Emerging controversies

DeepSeek-R1 strictly adhered to the NASS guidelines, firmly opposing interventional treatment for asymptomatic spinal stenosis, whereas ChatGPT-4.0 recommended “preventive rehabilitation” without providing empirical evidence.³⁵ Regarding dynamic stabilization systems, DeepSeek-R1 cited meta-analyses indicating a 2-3-fold increased reoperation risk for dynamic stabilization implants compared to traditional fusion (P < 0.01),³⁶ while ChatGPT-4.0 disproportionately emphasized the “motion-preservation benefits” while neglecting associated risks. For postoperative restenosis prevention, DeepSeek-R1 comprehensively outlined preclinical data on antifibrotic agents such as pirfenidone (e.g., TGF-β1 inhibition rate ≈60%). In contrast, ChatGPT-4.0 vaguely referenced “surgical technique optimization” without specifying strategies or quantitative support. In AI-driven imaging quantification, DeepSeek-R1 reported that deep learning-based spinal canal segmentation models achieved high precision (Dice coefficient >0.90) on CT/MRI and critically addressed challenges in multimodal integration, including privacy concerns and computational demands. Conversely, ChatGPT-4.0 entirely omitted these technical hurdles.³⁷

This finding suggests that while domain-specific accuracy may differ between models, their overall reliability in avoiding misinformation remains encouraging and supports their potential for safe clinical decision support. DeepSeek-R1 demonstrates strict guideline adherence and data-driven rigor in diagnostic criteria, surgical indications, and emerging technologies, rendering it suitable for clinical decision support.

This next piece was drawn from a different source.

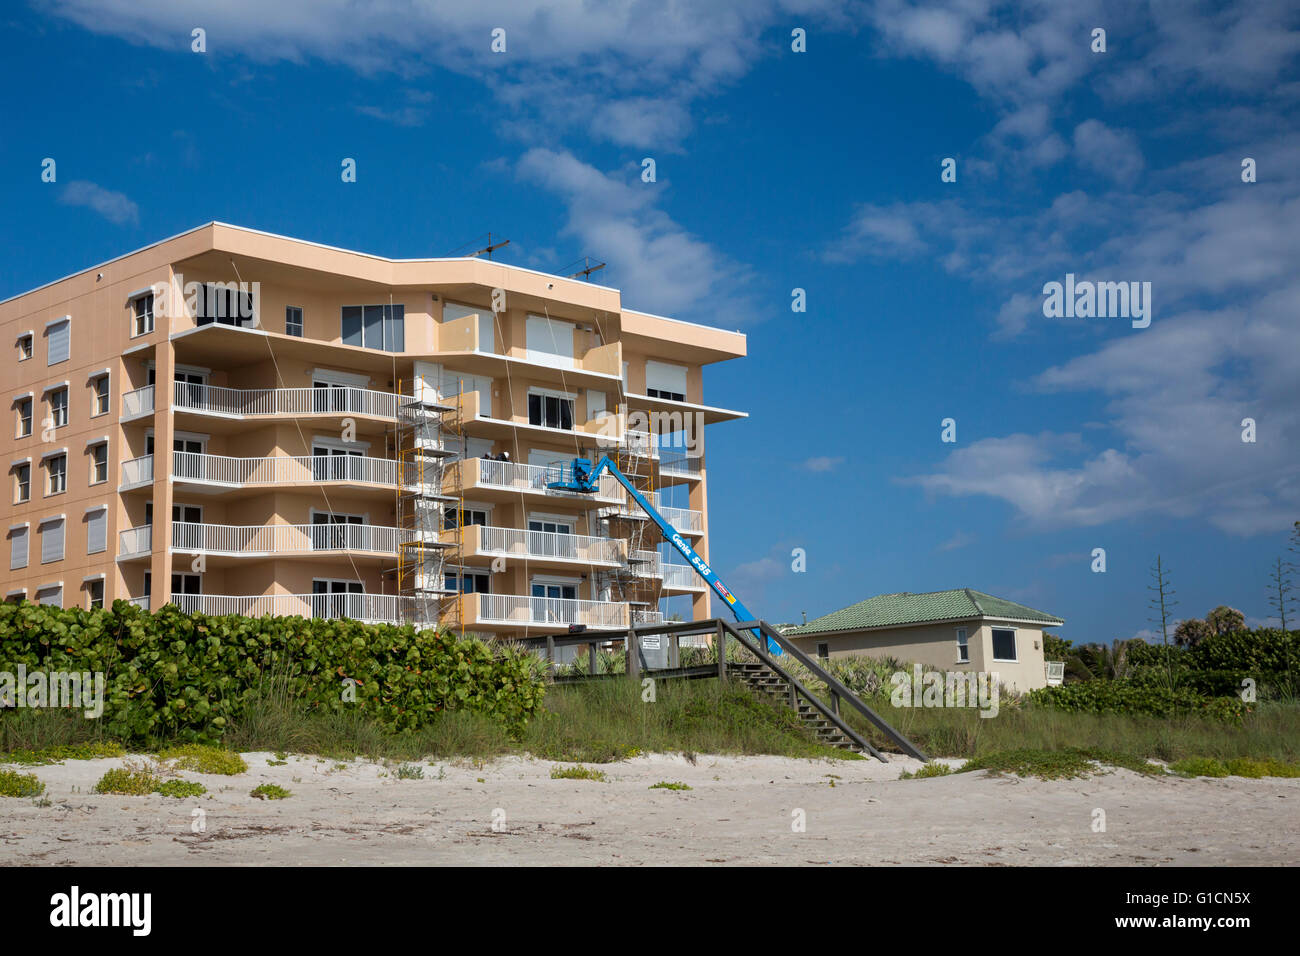 Indialantic, Floride - Un immeuble en copropriété en construction sur une île-barrière de la Floride. Banque D'Images

In contrast, ChatGPT-4.0 offers broader recommendations in rehabilitation and adjunctive therapies, albeit with partial content lacking evidence-based validation. A synergistic integration of both models could enhance the comprehensiveness and practicality of DLSS management.

This study has several limitations. First, the question repository was based on the 2013 NASS guidelines and did not incorporate recent advancements in minimally invasive techniques (e.g., endoscopic decompression) or emerging controversies (e.g., dynamic stabilization systems), potentially limiting the generalizability of conclusions. Second, all reviewers originated from a single academic affiliation, risking evaluation bias. Future studies should engage multicenter, multidisciplinary expert panels and adopt the Delphi method to improve scoring objectivity. Lastly, the models’ capacity to interpret non-English literature was not assessed, which is a critical gap given that approximately 30% of global spine research is published in Chinese, Japanese, and other languages.

To address these challenges, the following advancements are proposed: enable AI systems to access UpToDate and NASS databases in real time for continuous guideline updates; implement Delphi-based expert consensus protocols to enforce strict guideline compliance; develop integrated models combining MRI analytics, gait sensor data, and patient-reported outcomes for end-to-end diagnostic-therapeutic workflows; utilize blockchain-based audit trails to transparently document decision pathways and assign accountability; adopt retrieval-augmented generation (RAG) or chained function calling with rule-based validation to balance precision and adaptability.

Conclusion

DeepSeek-R1, with its domain-specific optimization, emerges as a more clinically reliable tool for DLSS guideline adherence, while ChatGPT-4.0 holds unique value proposition in knowledge extensibility. Future advancements should leverage hybrid model architectures and adaptive learning frameworks to balance precision with innovation, ultimately driving the evolution of AI from an “adjunctive tool” to an “intelligent collaborator” in spinal care.

Supplemental Material

Supplemental Material - Generative AI in degenerative lumbar spinal stenosis care: A NASS guideline-compliant comparative analysis of ChatGPT and DeepSeek

Supplemental Material for AI in degenerative lumbar spinal stenosis care: A NASS guideline-compliant comparative analysis of ChatGPT and DeepSeek by Meng Zhang, Jiameng Li, Yaluo Zhou, Zhiwu Chen, Pan Wang, Bin Hu, Zhong Xiang in Journal of Orthopaedic Surgery

Footnotes

ORCID iD

Zhong Xiang

Author contributions

Meng Zhang and Jiameng Li designed the study. Yaluo Zhou and Zhiwu Chen collected and analyzed the data. Pan Wang, Bin Hu and Zhong Xiang wrote the main manuscript text, prepared figures, and prepared tables. All authors reviewed the manuscript.

Funding

The authors received no financial support for the research, authorship, and/or publication of this article.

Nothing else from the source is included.